I walked down the dark staircases toward my room. On the way I passed Starfire's room and smiled at some random memory of her. Her room was exactly the way it had been the day she died, minus Silkie sleeping in there. The little guy simply faded away when Starfire never returned. He only made it two weeks before he was buried next to Starfire's memorial in the heart of the city, his own little grave for her beloved Silkie. In a way the room was a memorial to her as well. It was a memorial to the brave, selfless, and beautiful alien princess who would be forever innocent even though we all continued to grow up and grow cold.

I eventually found myself in my room and walked in. It still was dark, just as it had been 5 years ago when I was still a young though it had matured as I had. I took off my cloak and hung it up in my closest. I still wore my leotard even though Cyborg constantly joked with me about how it was far too tight and revealing for someone who had developed as he called them, such dangerous curves. I looked at myself in the mirror each day and knew he was right but I couldn't change my uniform. I couldn't bring myself to change the last thing from my past.

I crawled into bed and put my head on my pillow. I adjusted my hair which was now past my shoulders so it was out of my face. I guess I didn't realize how tired I was because I was almost instantly asleep, completely without dreams.

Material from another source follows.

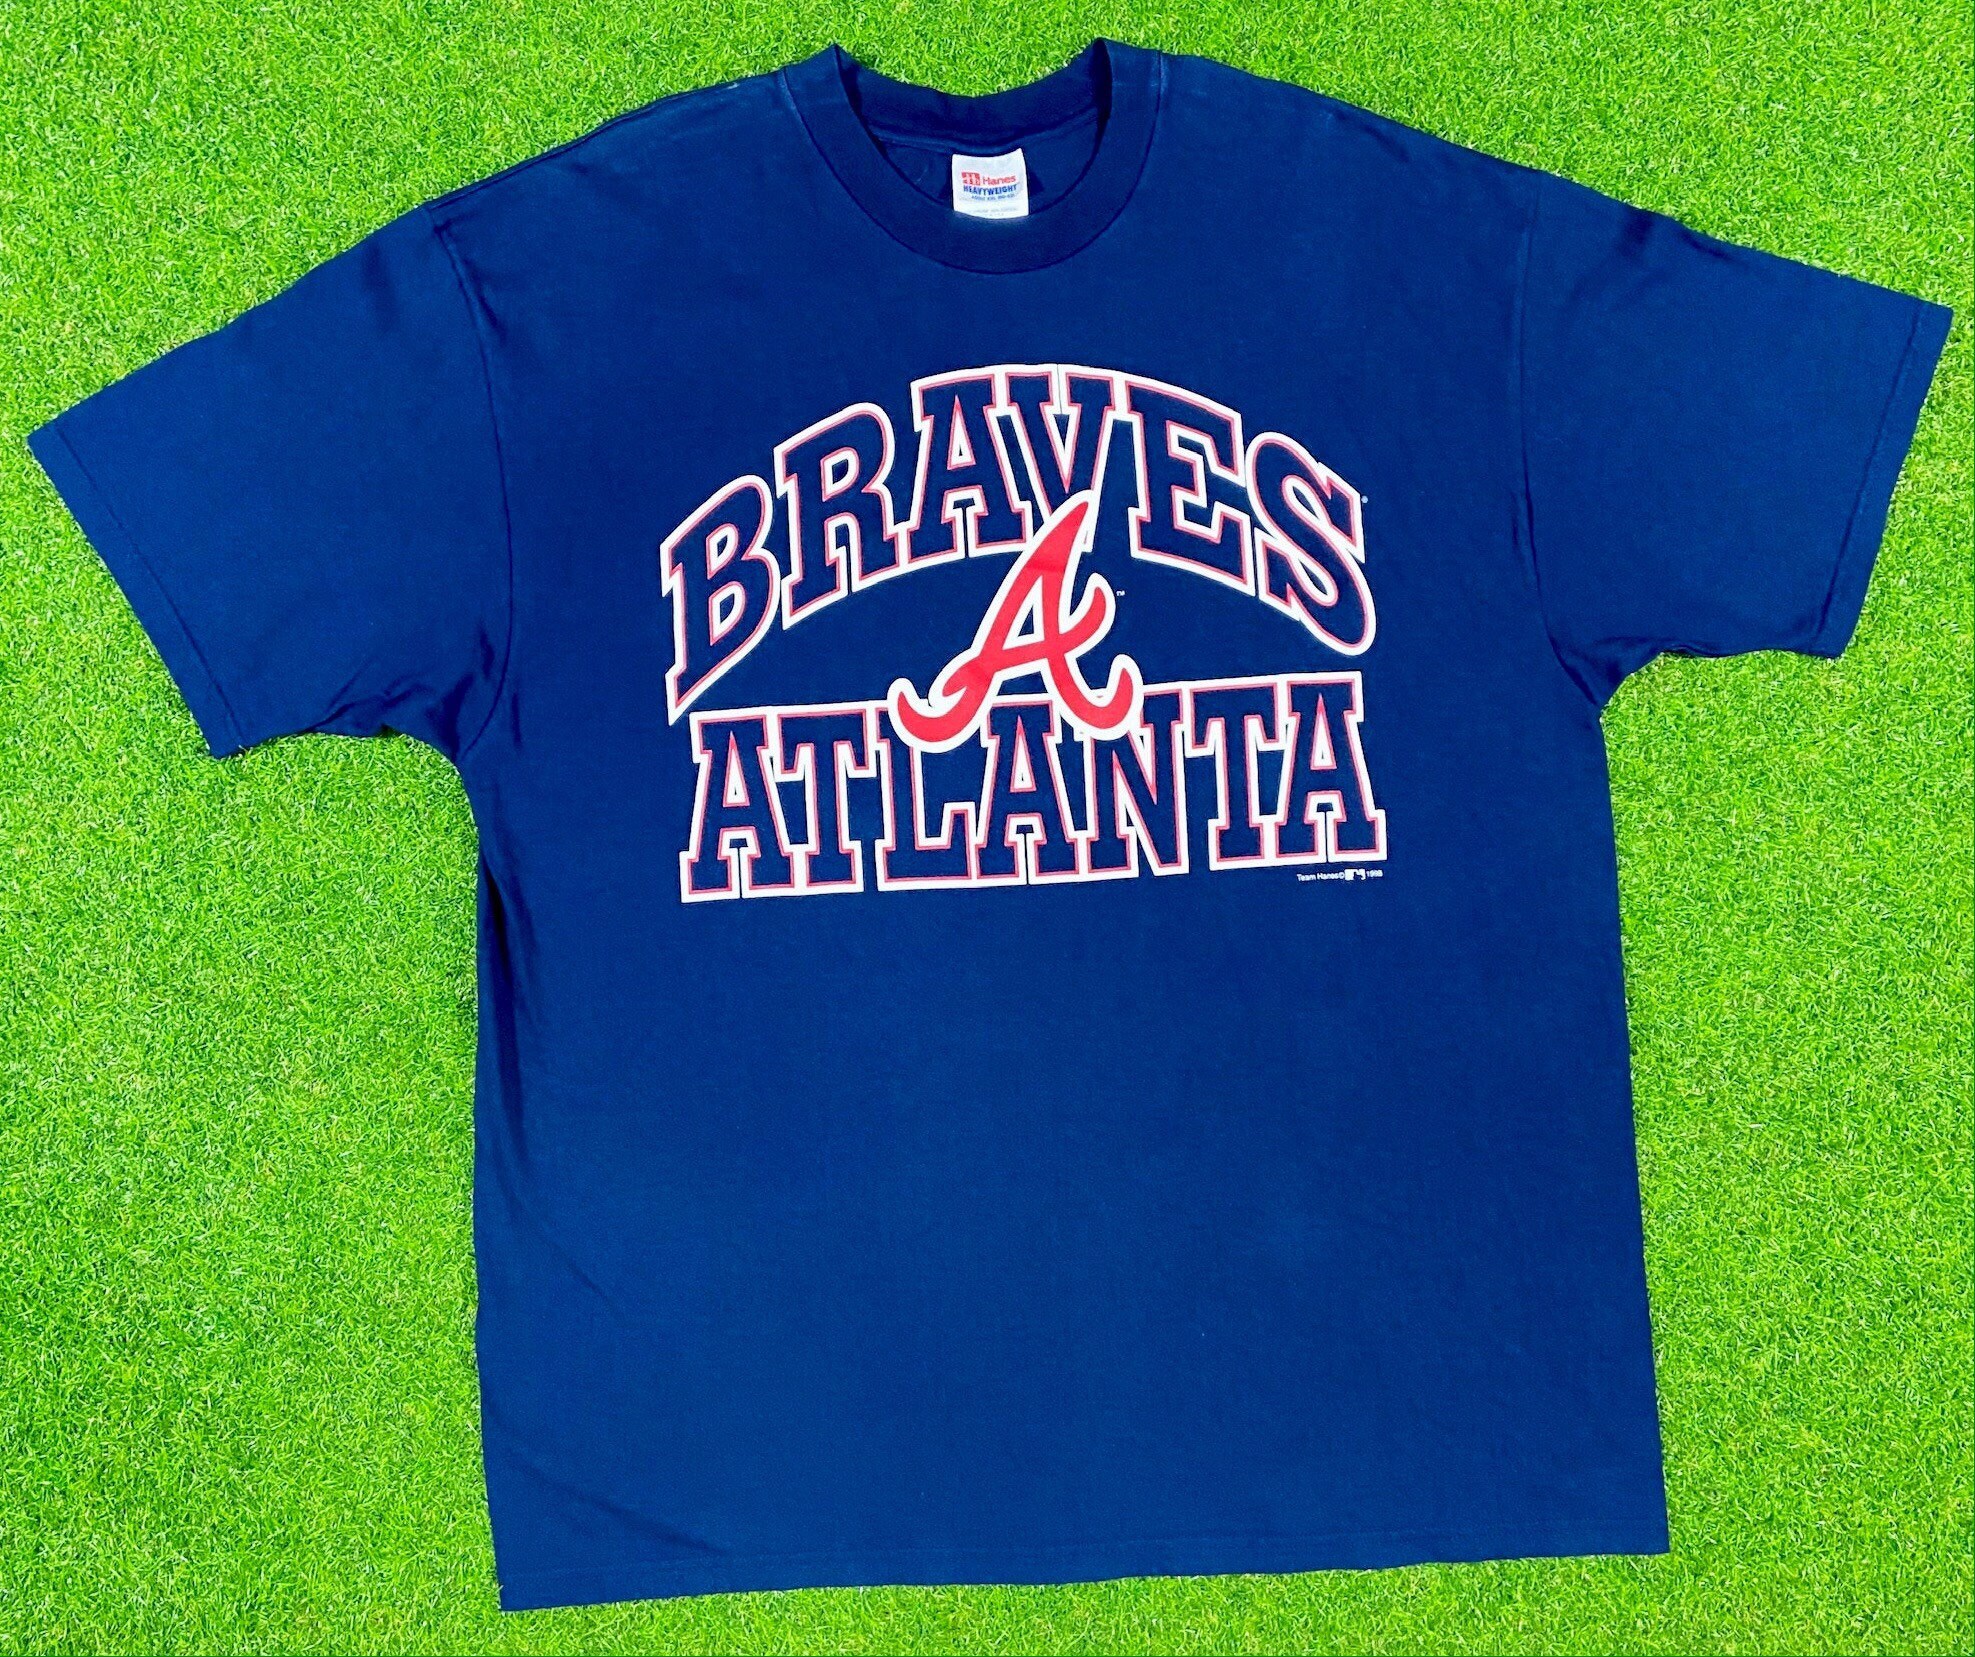 Atlanta Braves Clothing - JJ Sports and Collectibles

When I woke up, I quickly realized something was wrong. I wasn't even sure how I got into this situation without waking up and noticing. I no longer was sleeping on my pillow but rather was resting my head against someone's chest and two arms were firmly wrapped around me holding me tightly there. The only movement was his chest going up and down steadily. I wasn't even breathing I was so shocked as to what was going on.

I realized I should have been terrified at that moment. I knew I should have unleashed my powers on this potentially dangerous person but somehow I couldn't. This person felt familiar though the warmth I was feeling from what I assumed to be a man because of the chest was something new. It felt good. I carefully concentrated my mind trying to use my mental powers to get a read on this person but found his mind was completely blocked off. It took an incredible will and training to be able to do that. As if knowing what I was doing, the man opened a small part of his mind revealing a single name to make his identity known. Robin.

I felt something build inside my chest that I hadn't felt truly for so very long, happiness. I slowly pushed myself free of his arms so that I was sitting up. I took in the man who sat with his has back to my headboard on my bed, the man who was one the boy named Robin. He was dressed completely in black and it was clear he had grown up. He looked very much taller and more built. His hair was long and once again he worse a mask across his face. His face had matured greatly and I was sure I saw a few scars on his face. It almost looked like he was asleep.

I managed to mutter out Robin though I could barely even believe what was going on here. I really should have slapped him for doing something as creepy as crawling into bed with me but I was just so happy to see him again. Upon hearing Robin spoken by me, he turned his head slowly so that he was looking into my eyes or so I thought. His face was just as blank as I remembered it though rather than feeling cold radiating off him, I did feel his warmth.

"Hello Raven and I go by Nightwing now."